I'm feeling so much better these days. I've taken matters into my own hands. I stood on a chair, shouted out to my bag of badgers and told them all to pack it in. As my lovely insta mate, Maxine, says: Stop! No one move, no one break anything! Let's just take this nice and slow.

Have you got a list? Go look at it. Try to take some items off it. Then go look at it again and find some more items to remove. 


Do whatever feels good, and then do that again. No one could possibly write and set the rules for burnout recovery or living your best life. Do it your way. But the most important thing is that you start.



My badgers have been busy the past couple years drinking all the wine, eating all the biscuits and causing some mighty fucked up mental and physical chaos resulting in unhelpful recovery to-do lists. I’m taking things slower and they need a bloody rest.


Enough now. Back in that bag you bloody well go, my li’l badgers.
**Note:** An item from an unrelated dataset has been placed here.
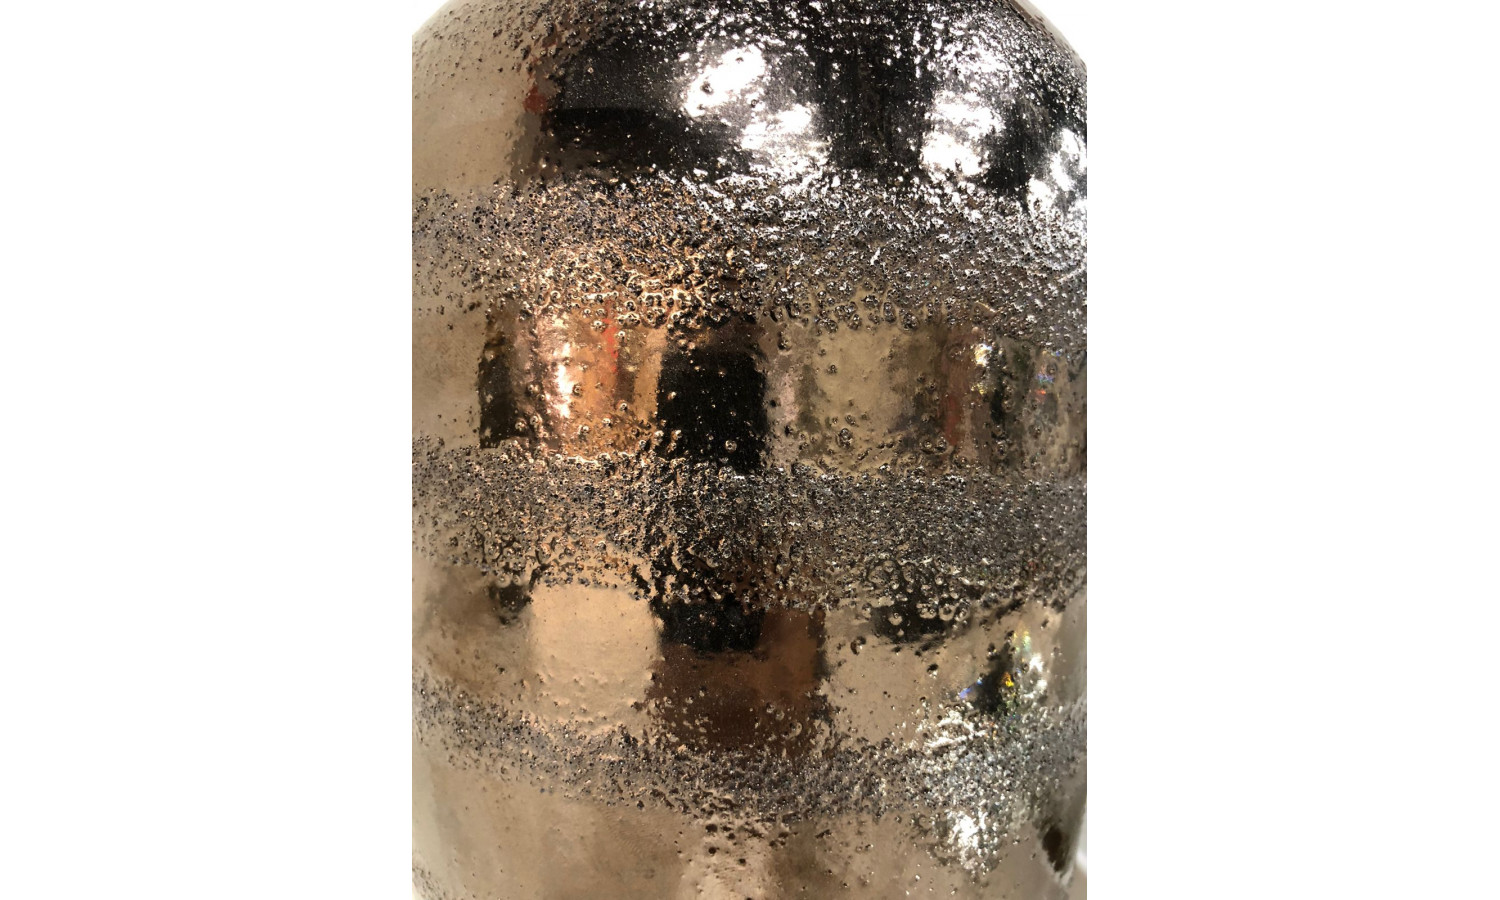 Ваза керамическая с крышкой IST-060, 11,5х30 см, коричневый

I've got a much better to-do list tucked safely into my bra, held close to my heart

Flic x

P.S. If you know a woman struggling with #everydayburnout please send her this article and tell her from me that she is not alone. 

Burnout and feeling as mad as a bag of badgers can really isolate you, and the one true thing I needed on my lowest of low days was to not feel so lonely. 

I see you out there, Sista. Please hold on. It does get better.